>>>>

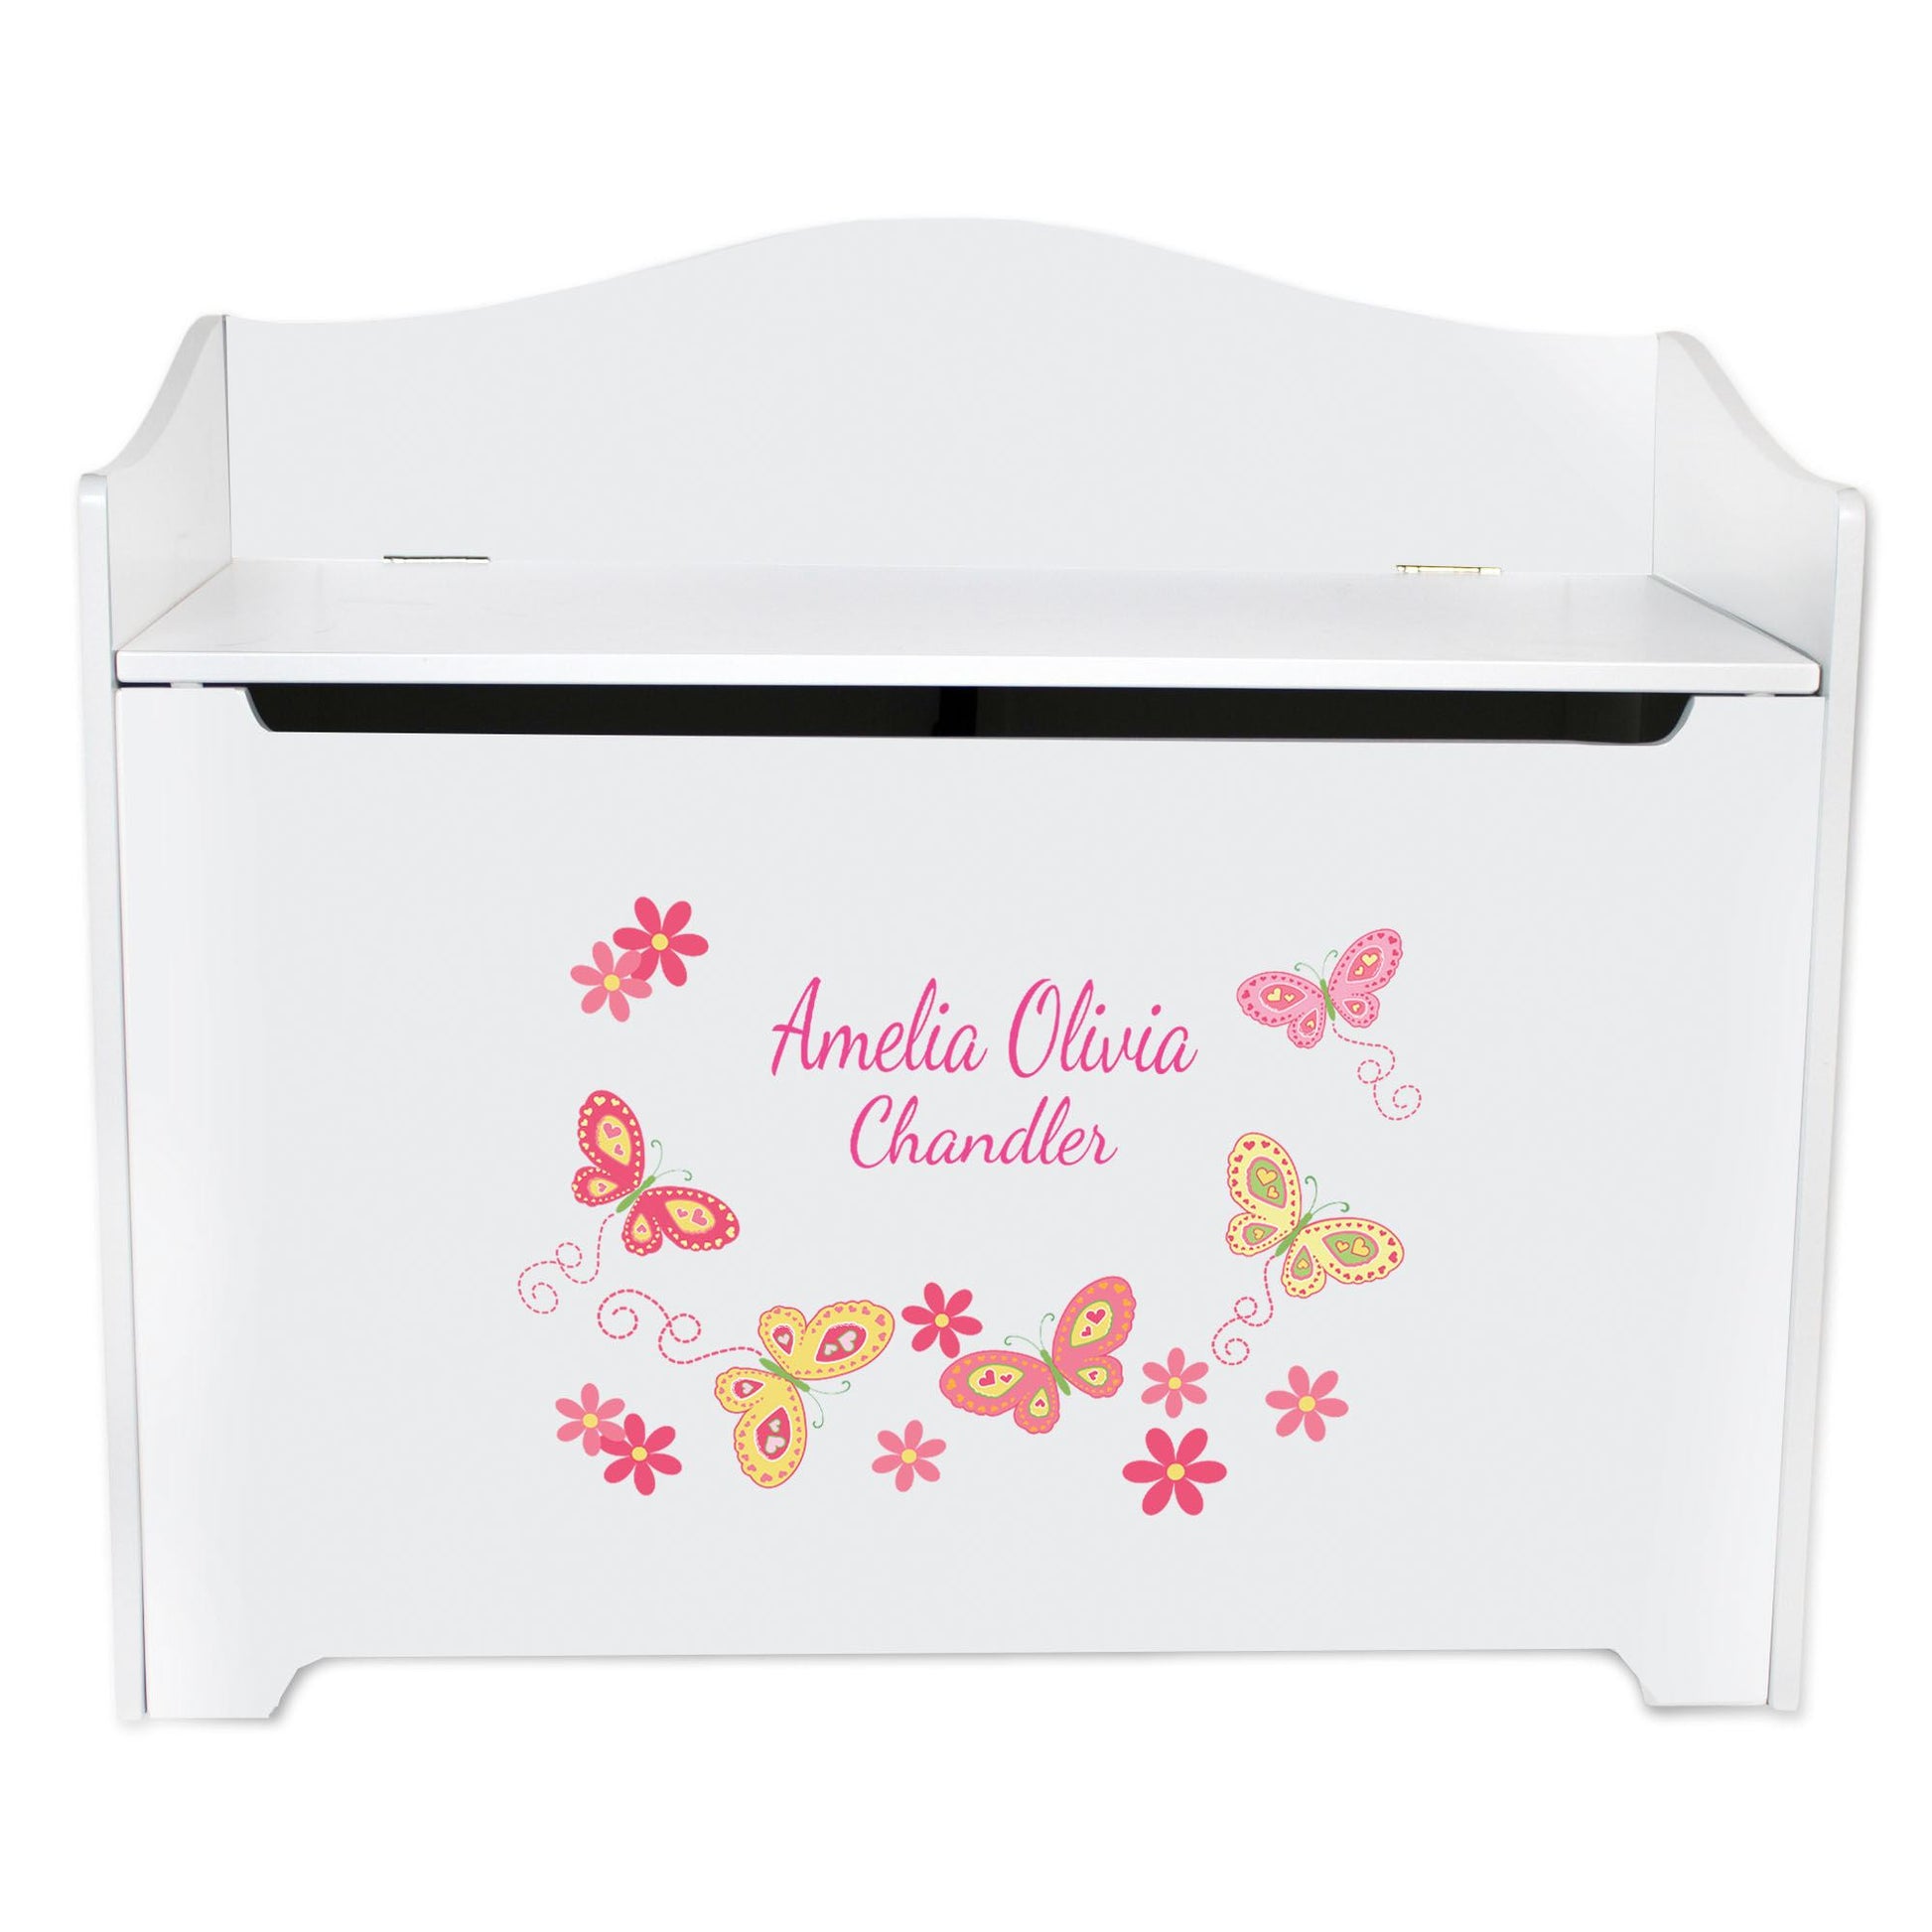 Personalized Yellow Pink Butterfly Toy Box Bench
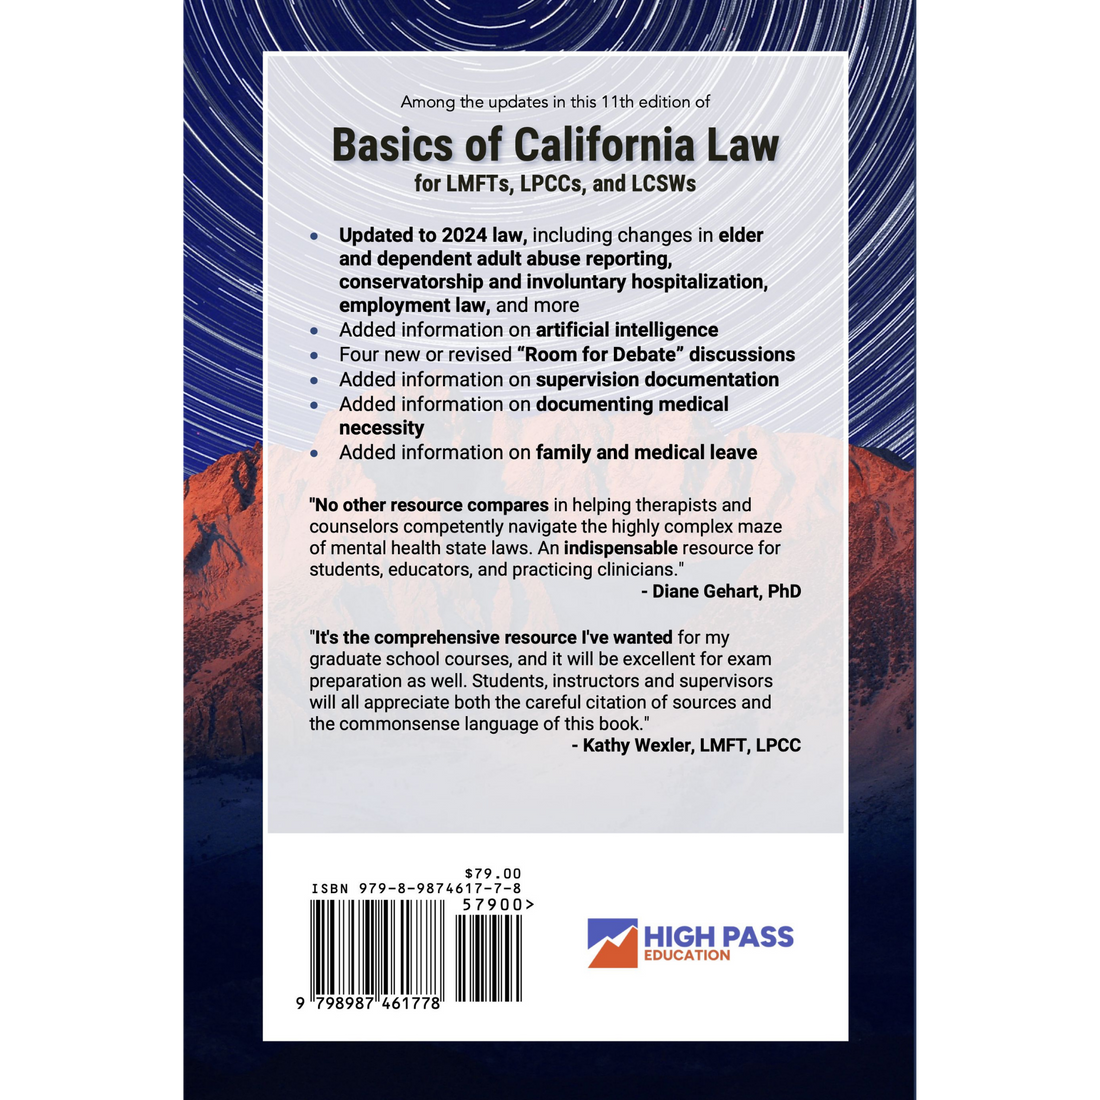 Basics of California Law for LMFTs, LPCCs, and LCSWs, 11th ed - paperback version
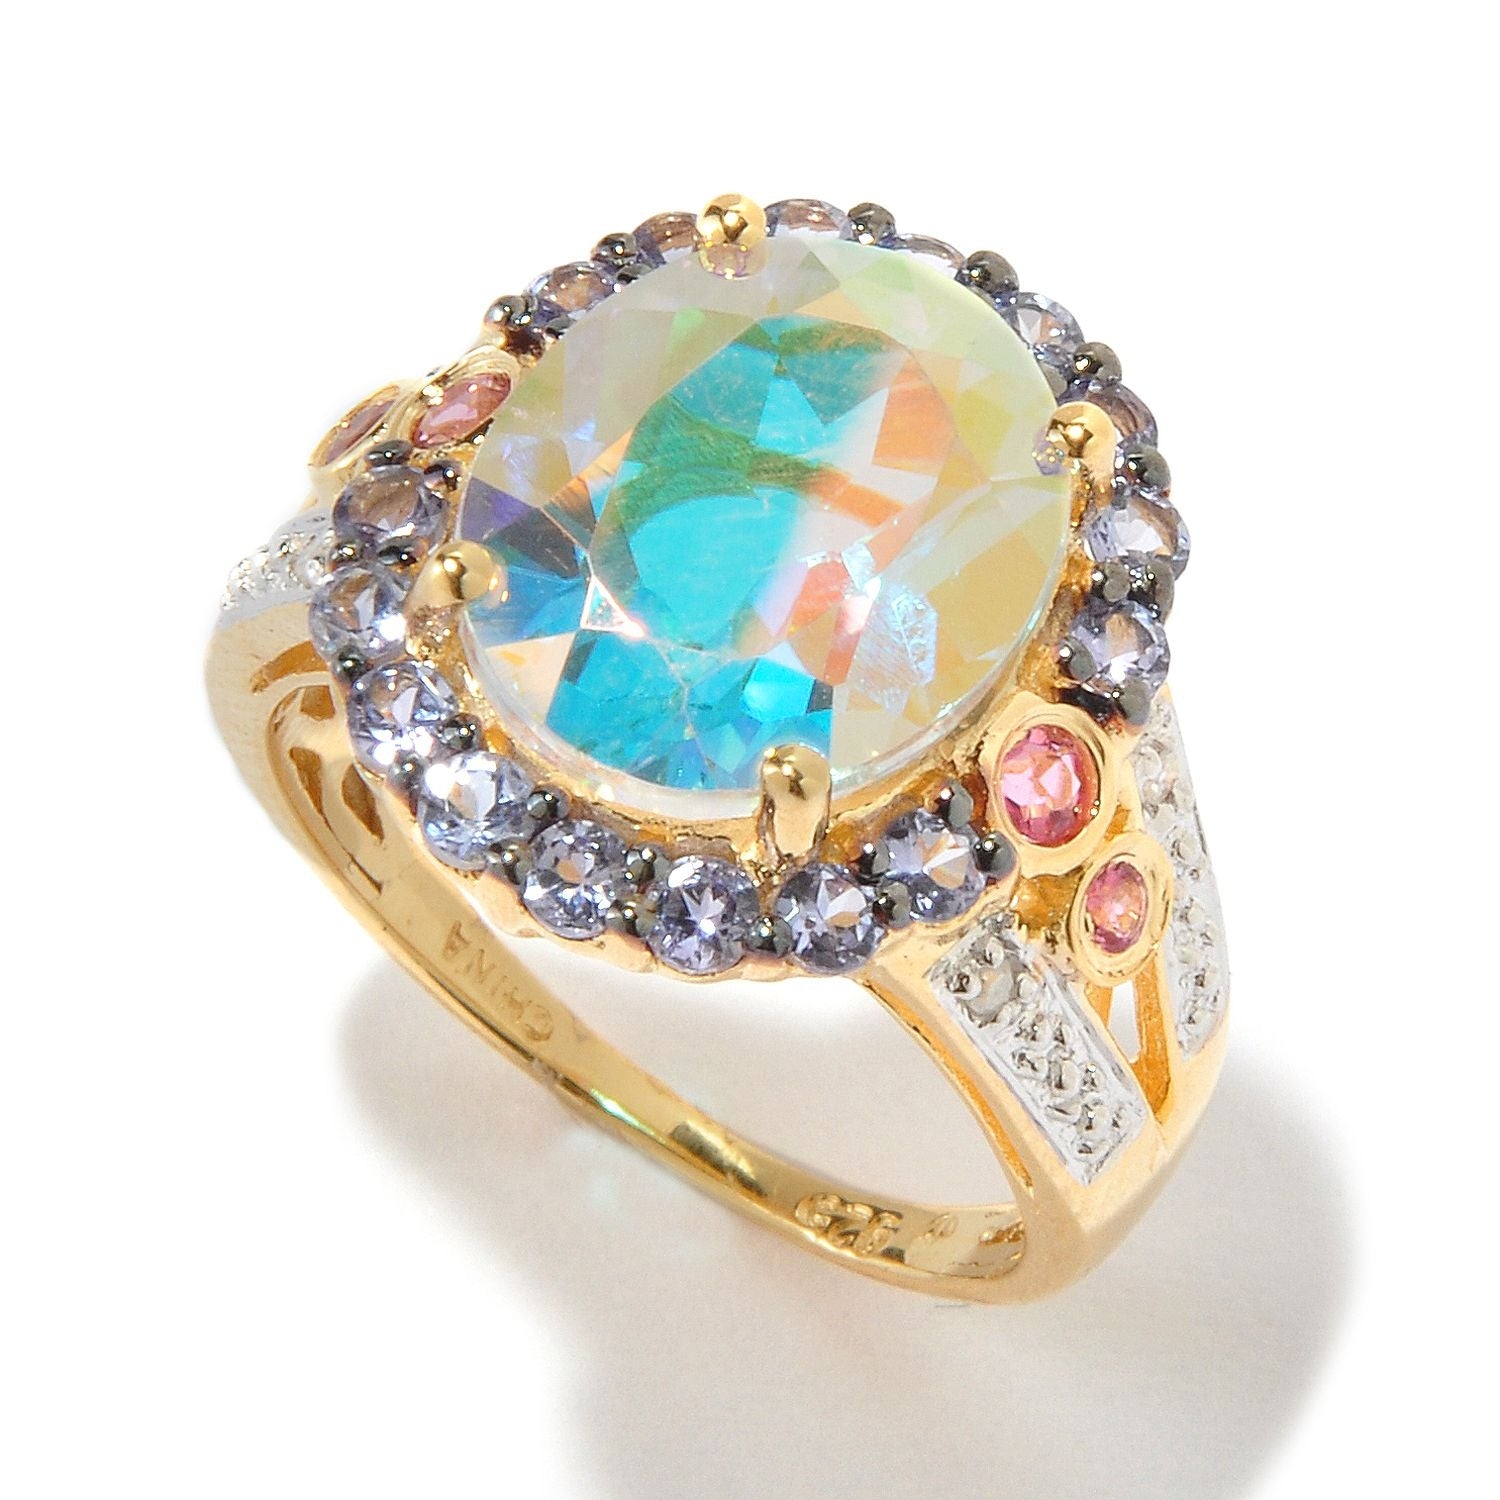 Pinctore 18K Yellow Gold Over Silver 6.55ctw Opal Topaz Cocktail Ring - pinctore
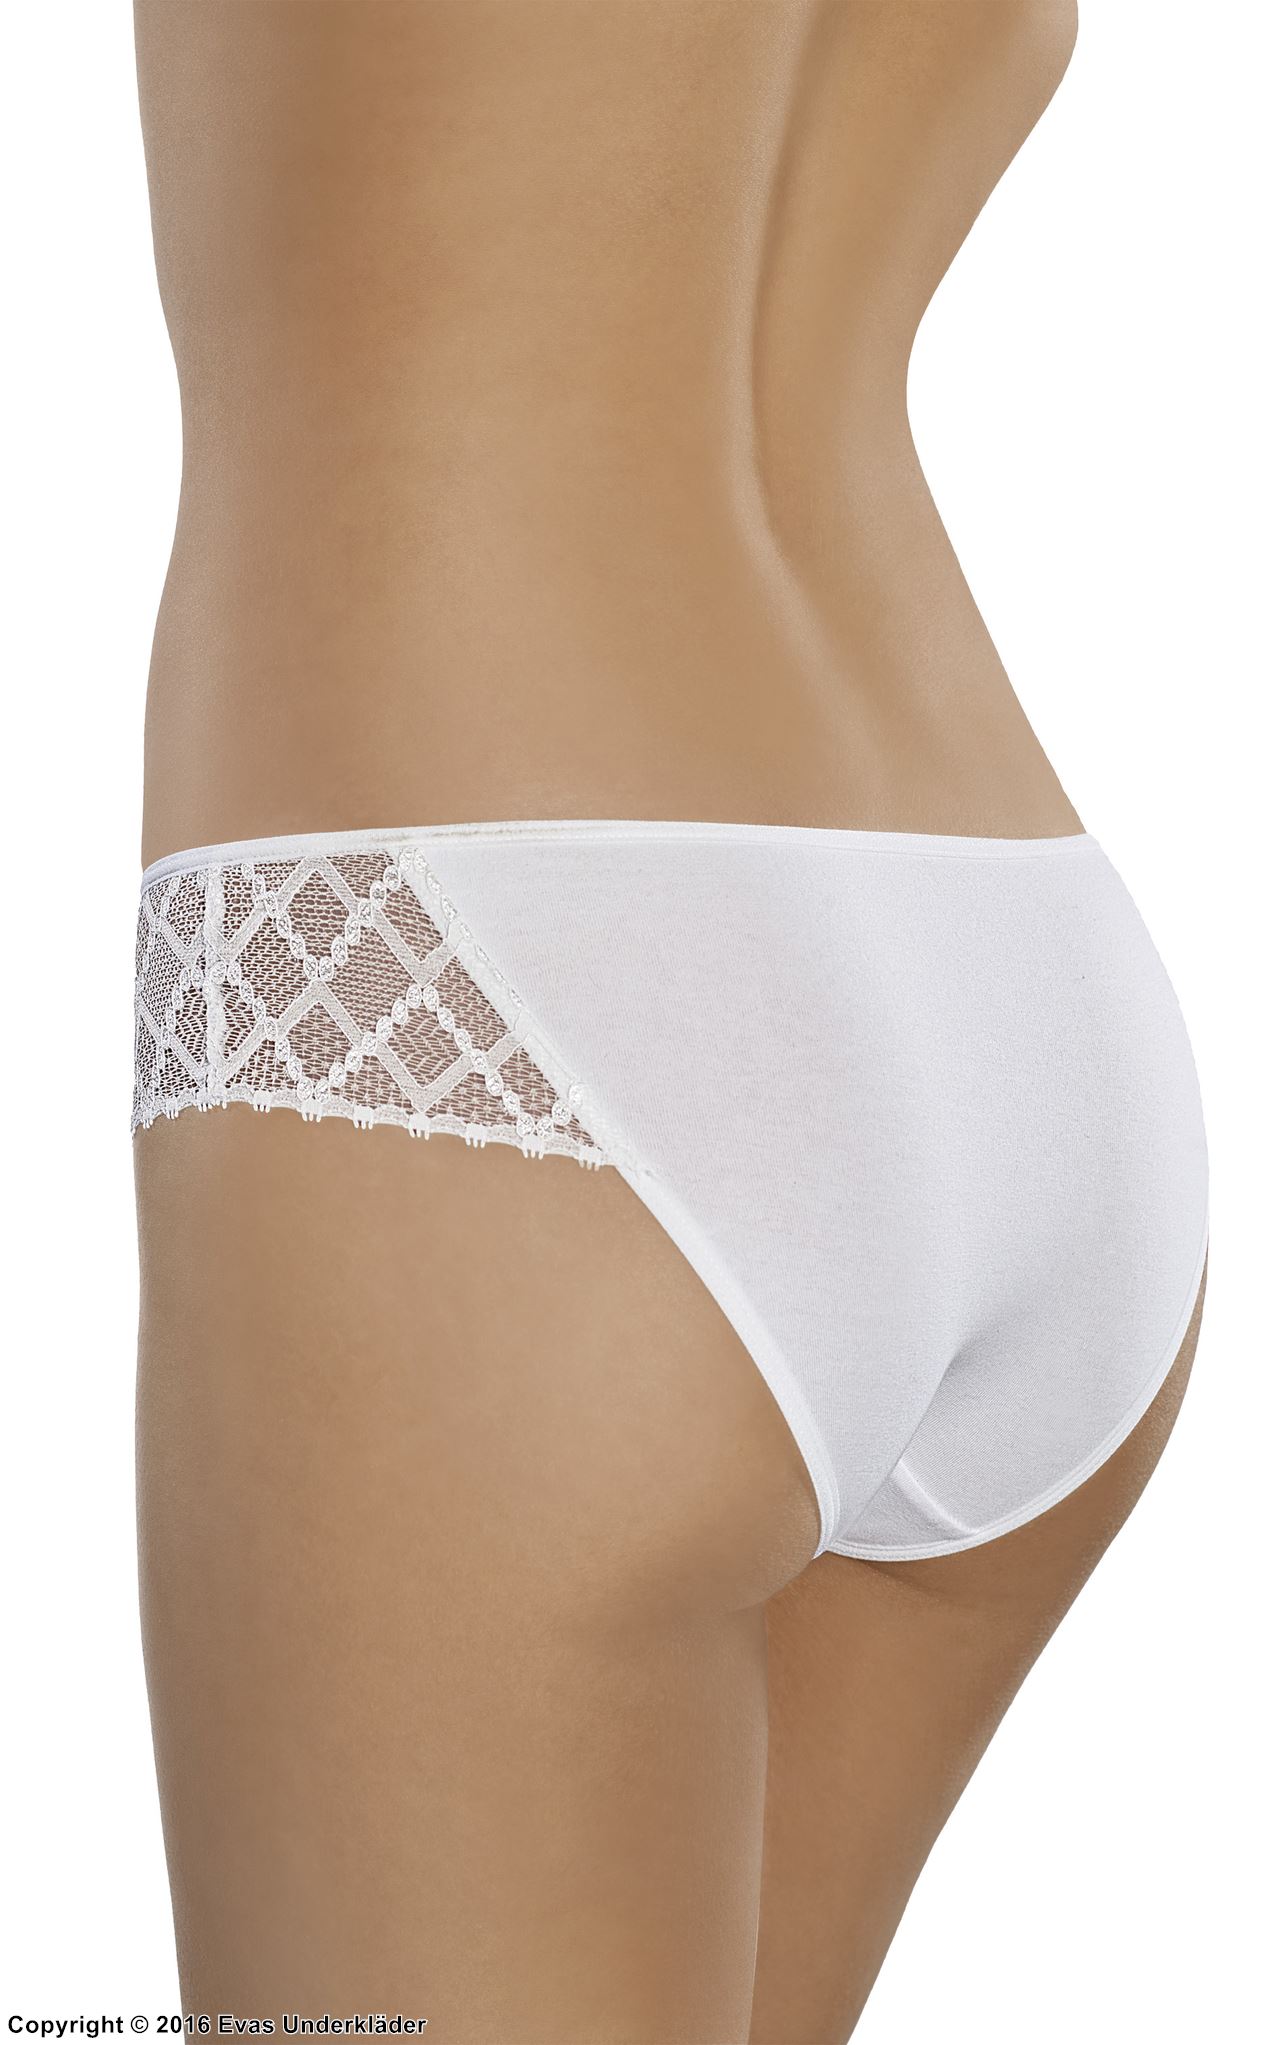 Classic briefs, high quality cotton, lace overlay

<<<<

- [WHAT TO WORK ON]: Copy each line above exactly. Images do not belong in the copy.

- [RESPONSE AREA]:
 Personalized Yellow Pink Butterfly Toy Box Bench
 Basics of California Law for LMFTs, LPCCs, and LCSWs, 11th ed - paperback version
 Pinctore 18K Yellow Gold Over Silver 6.55ctw Opal Topaz Cocktail Ring - pinctore
 Classic briefs, high quality cotton, lace overlay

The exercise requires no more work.